Chinese authorities’ attitude also changed after the ZTE ban. On April 23, Chinese financial authorities announced their stance on ICOs and cryptocurrency exchanges at a conference, saying that ‘ICO projects and crypto trading platforms have safely exited from mainland China.’

On one hand, it shows Chinese regulator authorities believe that currently, there has no significant risks in this market and majority of the financial activities in this industry are acceptable. On the other hand, it also can be as a sign that Chinese government may plans to get involved in and guide enterprises in this market. This announcement is used to affirm policies made in the past and also admit the rationality of the current market.
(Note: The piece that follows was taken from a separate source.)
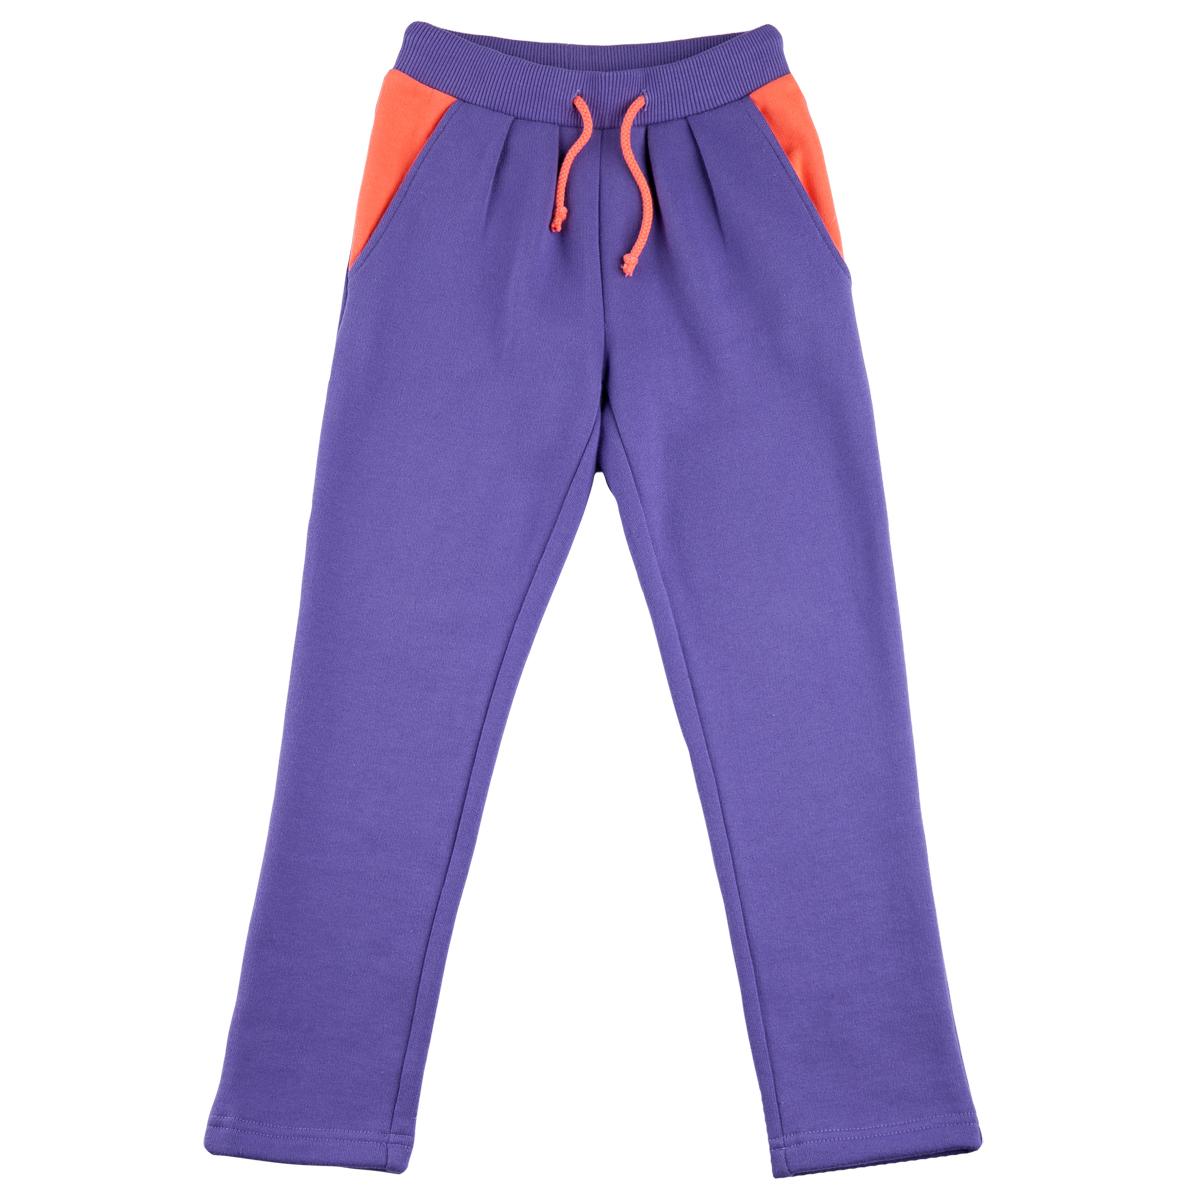 Брюки KogankidsМодные и удобные брюки для девочки из плотного хлопка позволят обеспечить только приятные и комфортные прогулки. Практичные, подходят на каждый день.<br>Размер: 104, 110, 116, 122, 128, 134, 140; Цвет: Фиолетовый;

April 24, Jiang Yang, Vice Chairman of the China Securities Regulatory Commission conducted an site visit to Canaan Creative (Avalon). Jiang emphasized that no matter what the chip is used for, Canaan is a “chip company” and expressed the hope that Canaan would be listed in the domestic market. Prior to this, Canaan has struggled but finally gave up its debut on China’s NEEQ.

Due to the effect of government intervention, developing domestic chip manufacture industry would becomes a national strategy. Which means chip-related companies, especially the digital currency mining industry do not have to worry too much about the regulatory crackdown any more.